To do: Please reproduce all of the listing below exactly and drop its images.
*** Collected material Section Begins ***
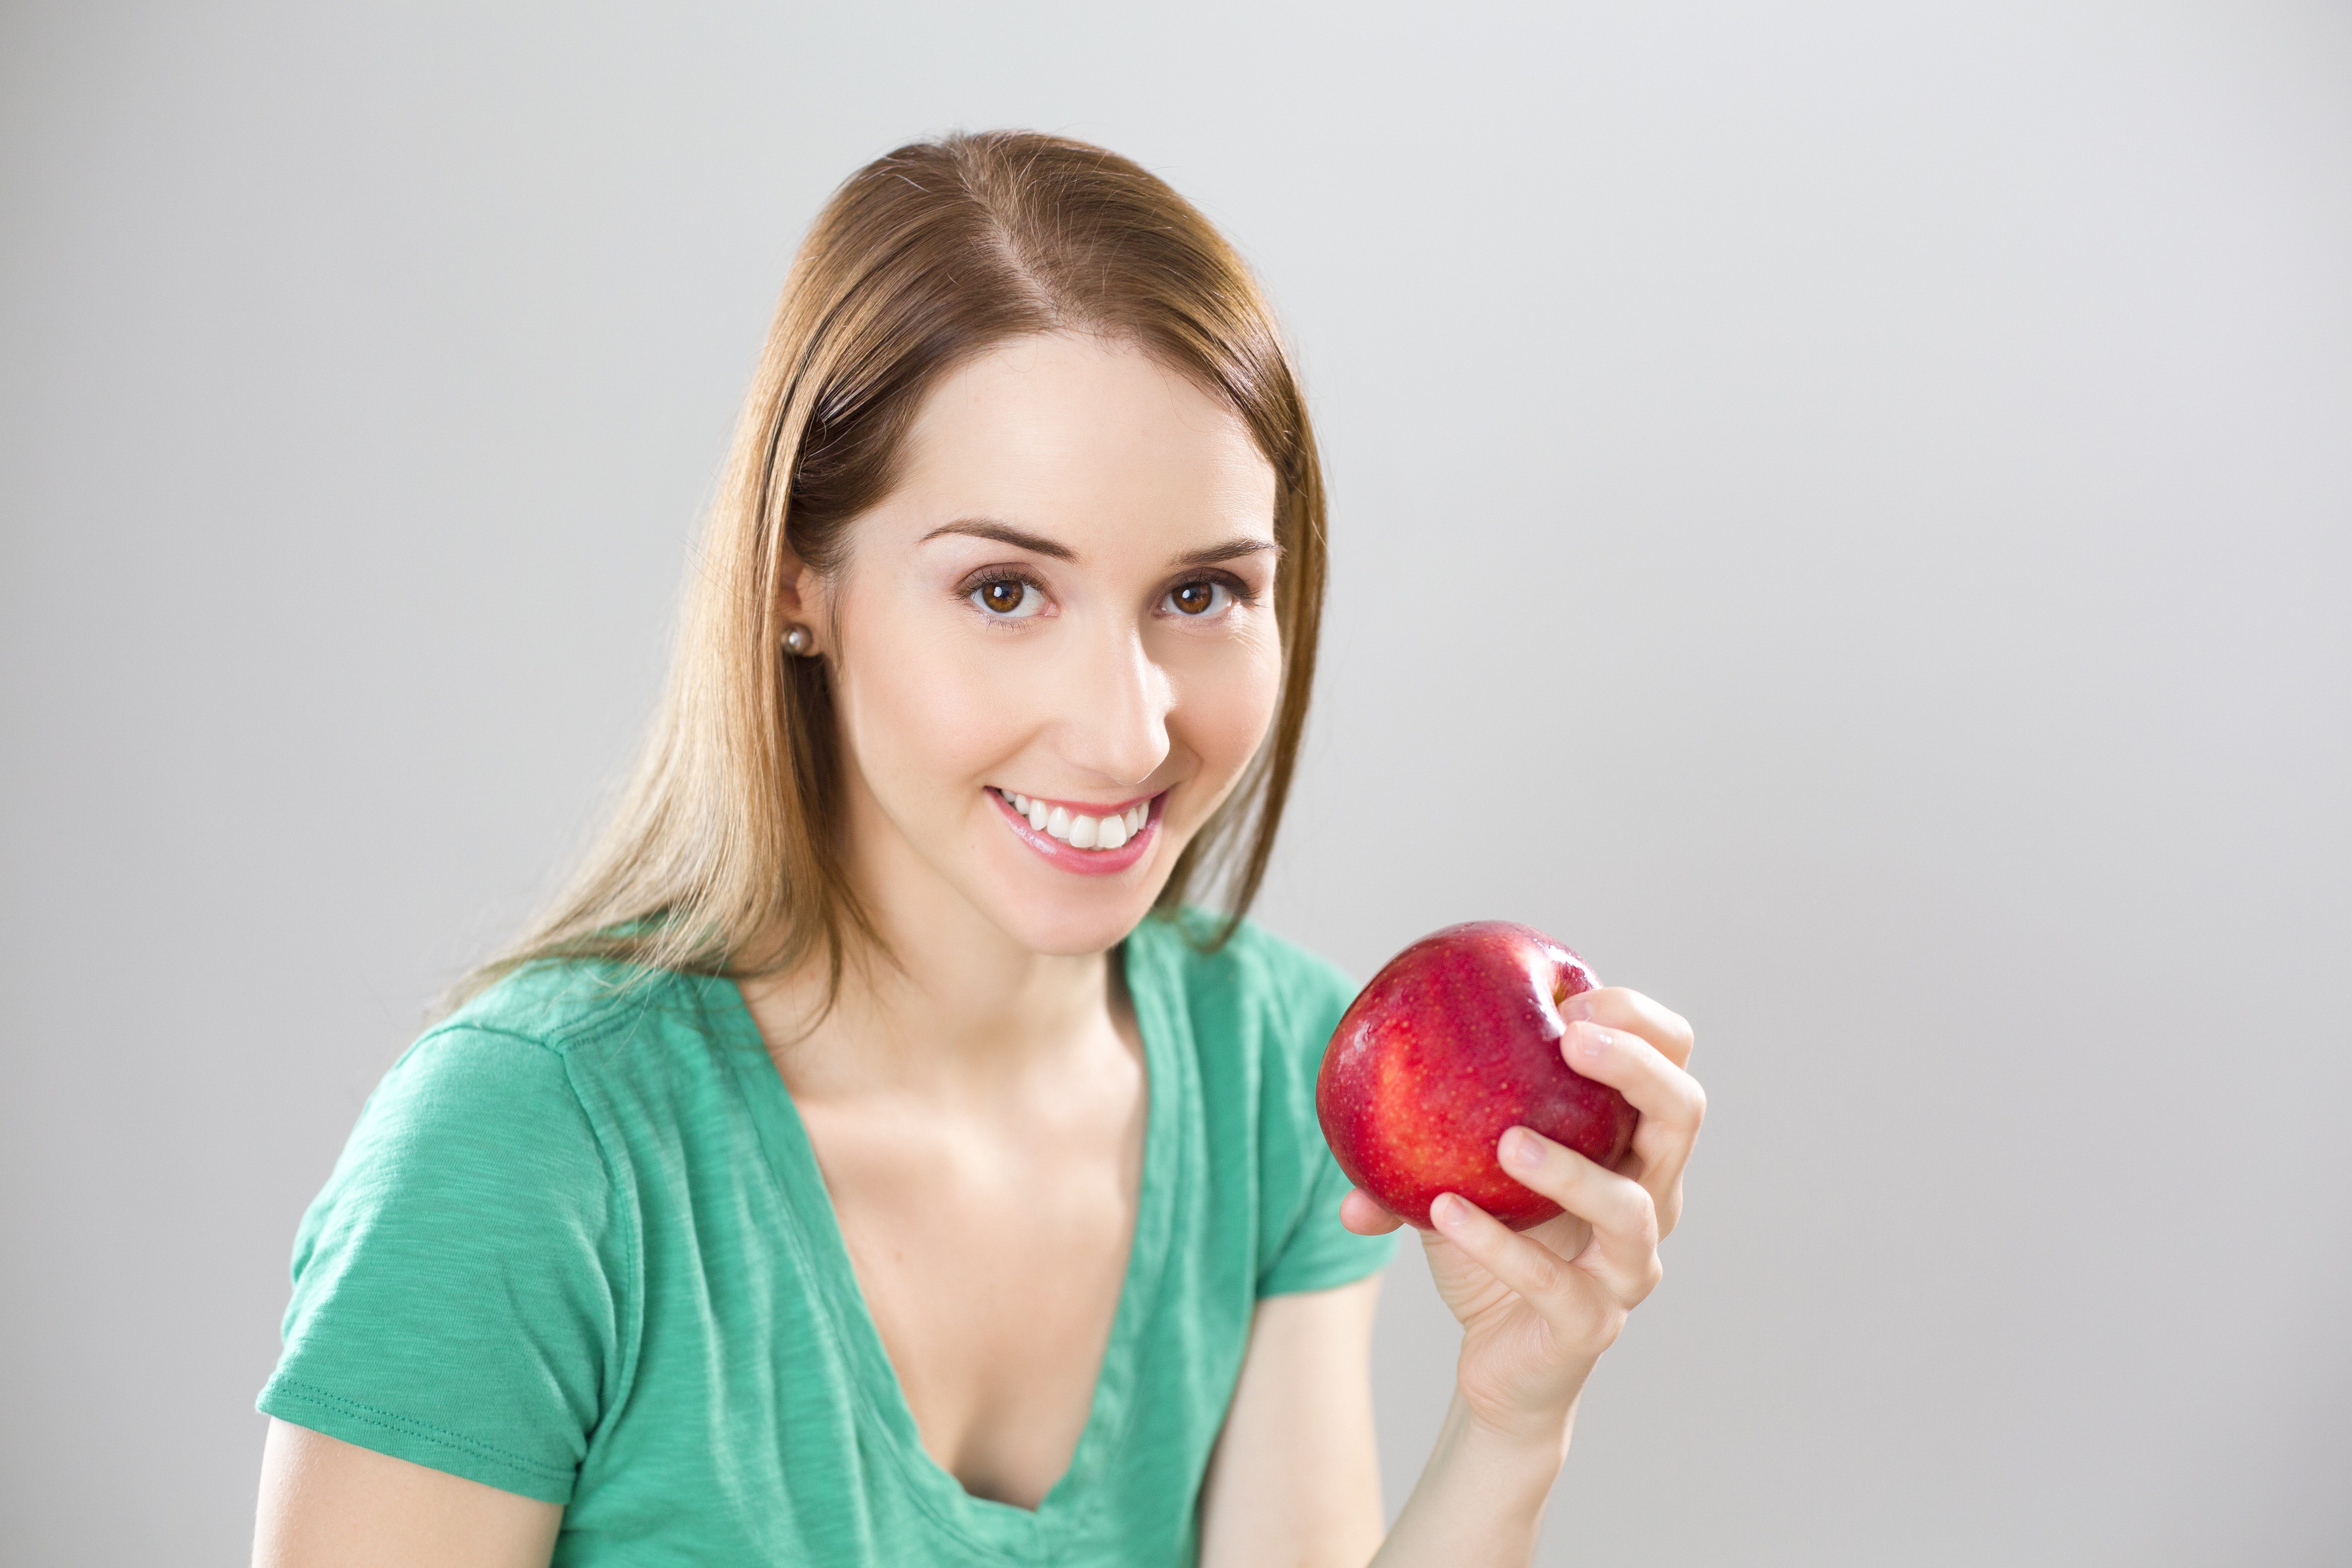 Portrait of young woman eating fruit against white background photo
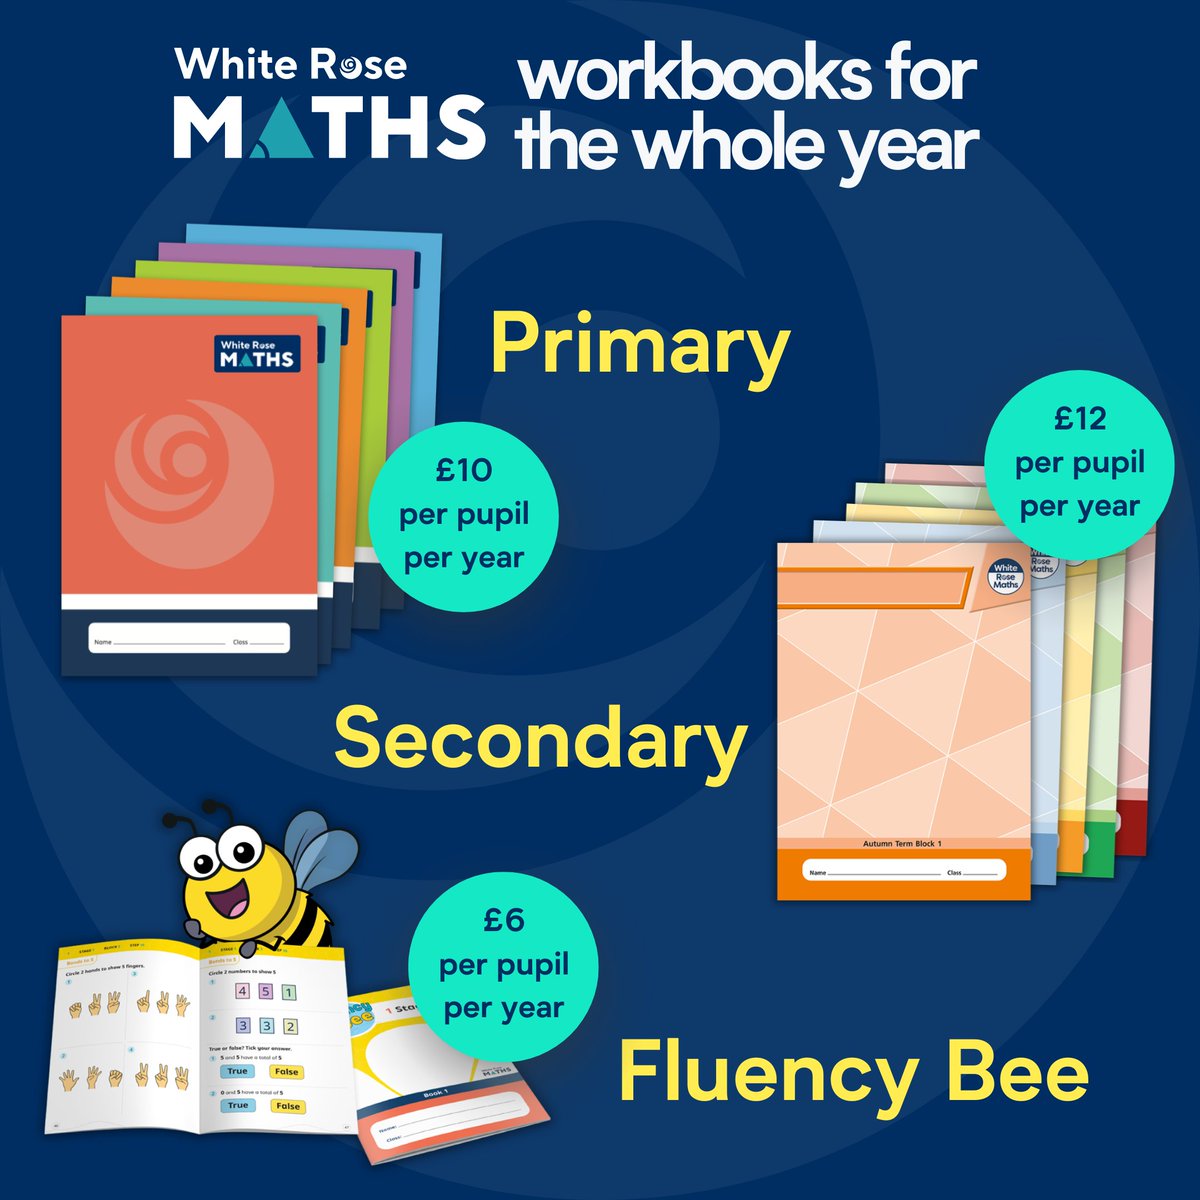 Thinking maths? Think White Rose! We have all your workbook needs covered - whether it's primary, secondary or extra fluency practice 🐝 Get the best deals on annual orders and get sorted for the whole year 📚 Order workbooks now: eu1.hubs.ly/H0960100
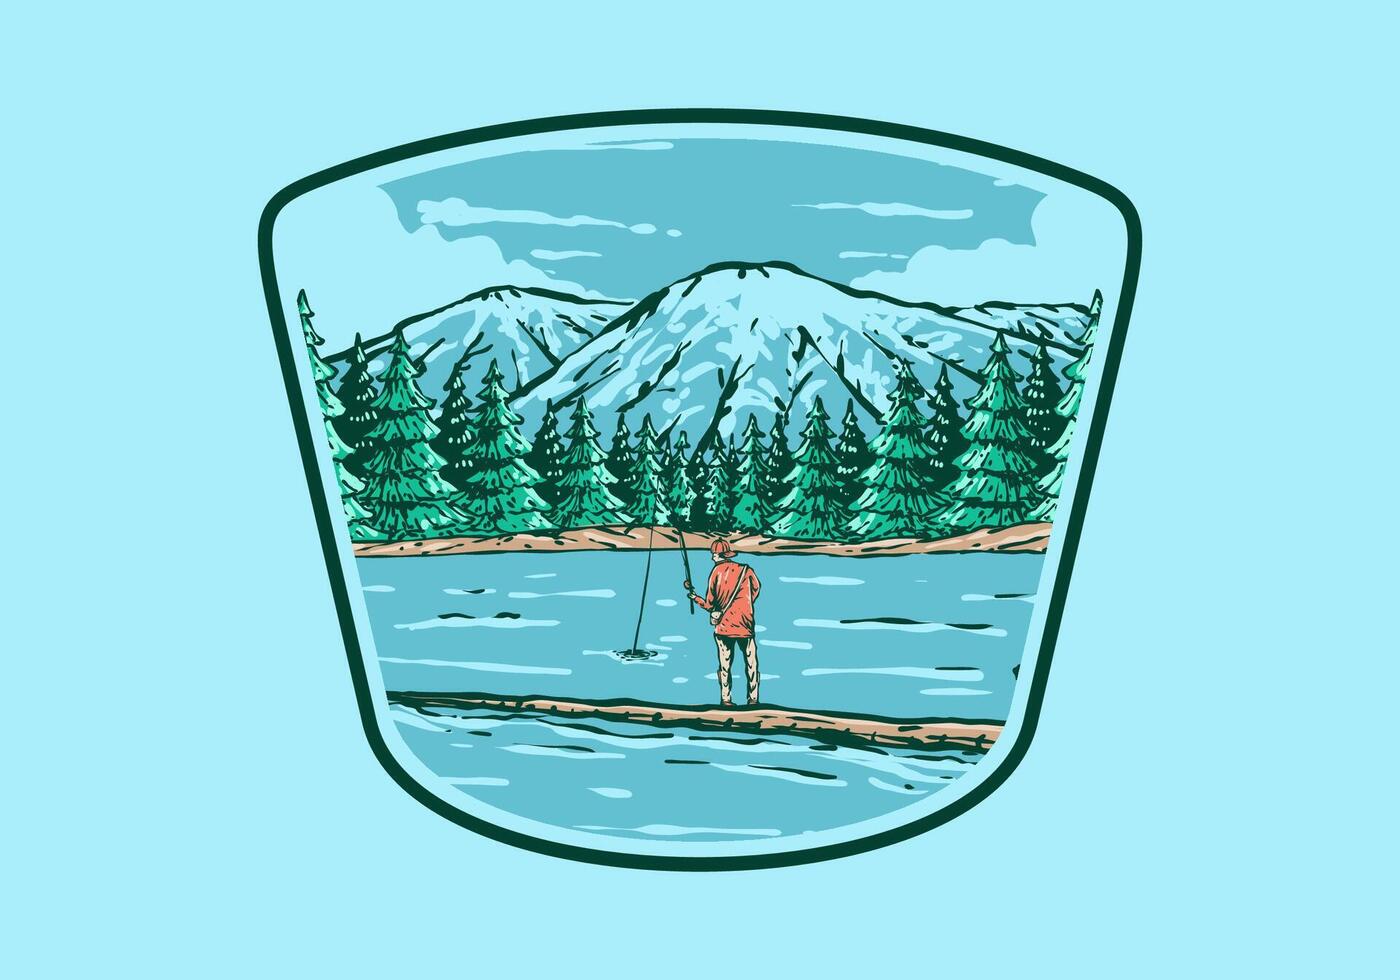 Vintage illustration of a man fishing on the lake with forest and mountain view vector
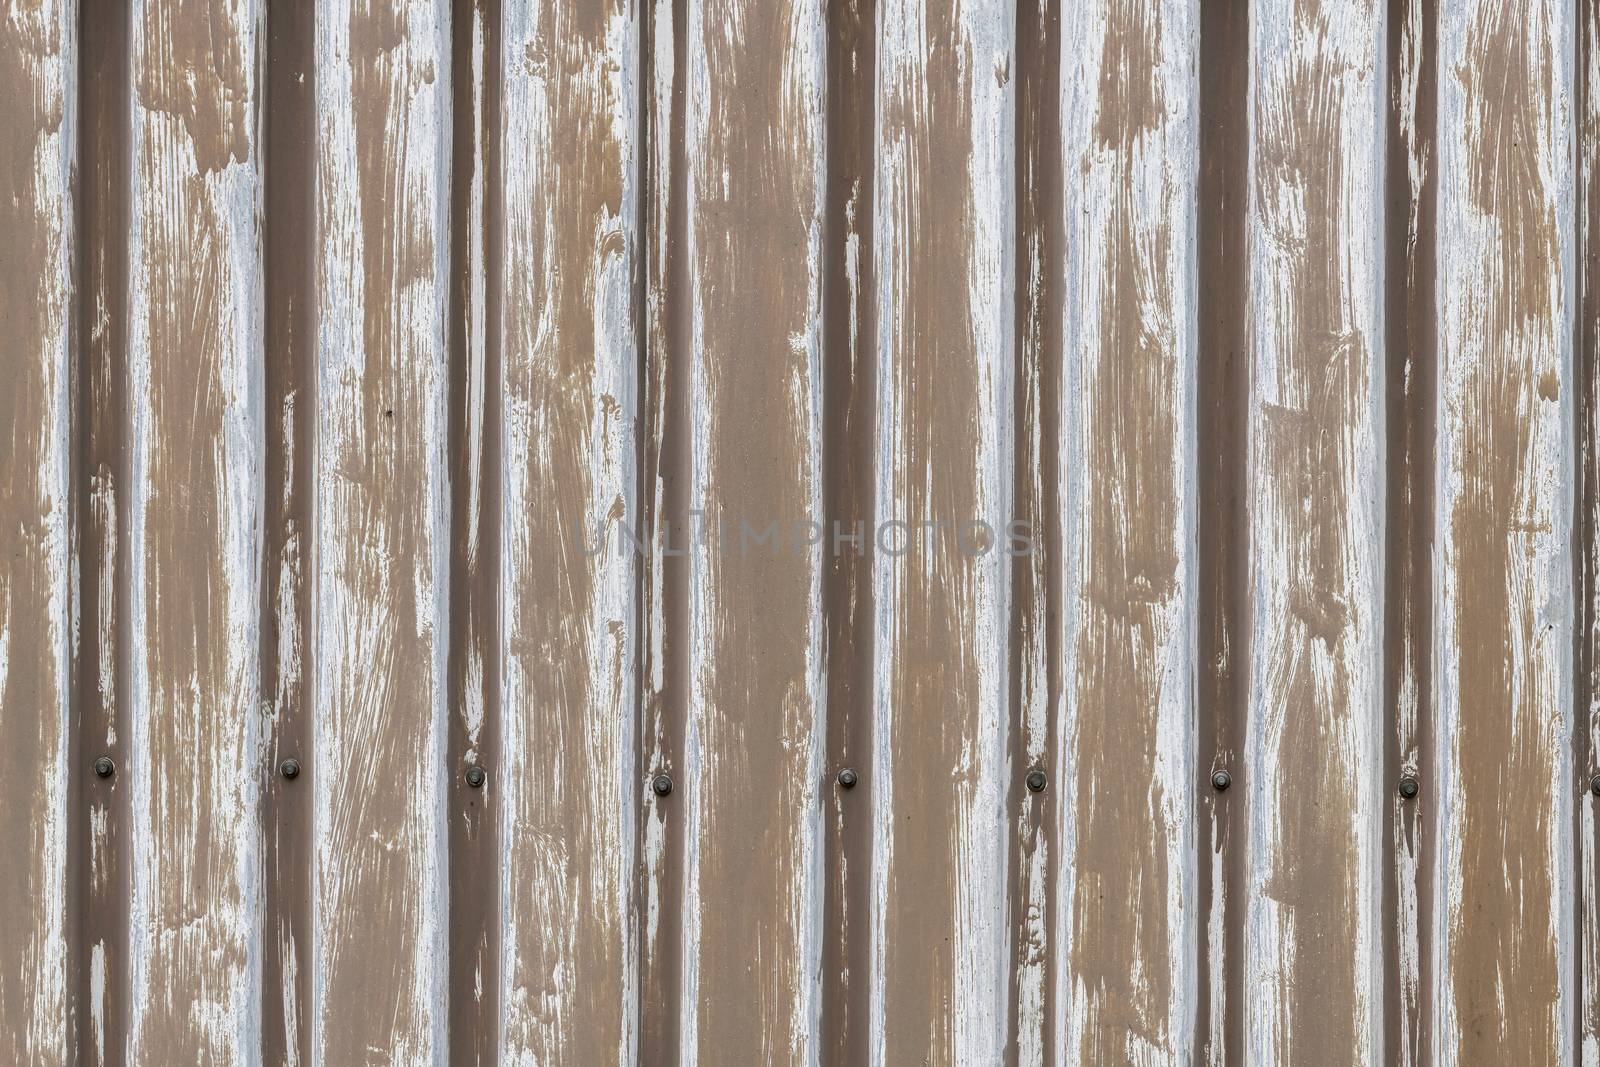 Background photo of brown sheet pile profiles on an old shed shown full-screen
*** Collected material Section Ends ***
Exercise result:
 Portrait of young woman eating fruit against white background photo
 Thinking maths? Think White Rose! We have all your workbook needs covered - whether it's primary, secondary or extra fluency practice 🐝 Get the best deals on annual orders and get sorted for the whole year 📚 Order workbooks now: eu1.hubs.ly/H0960100
 Vintage illustration of a man fishing on the lake with forest and mountain view vector
 Background photo of brown sheet pile profiles on an old shed shown full-screen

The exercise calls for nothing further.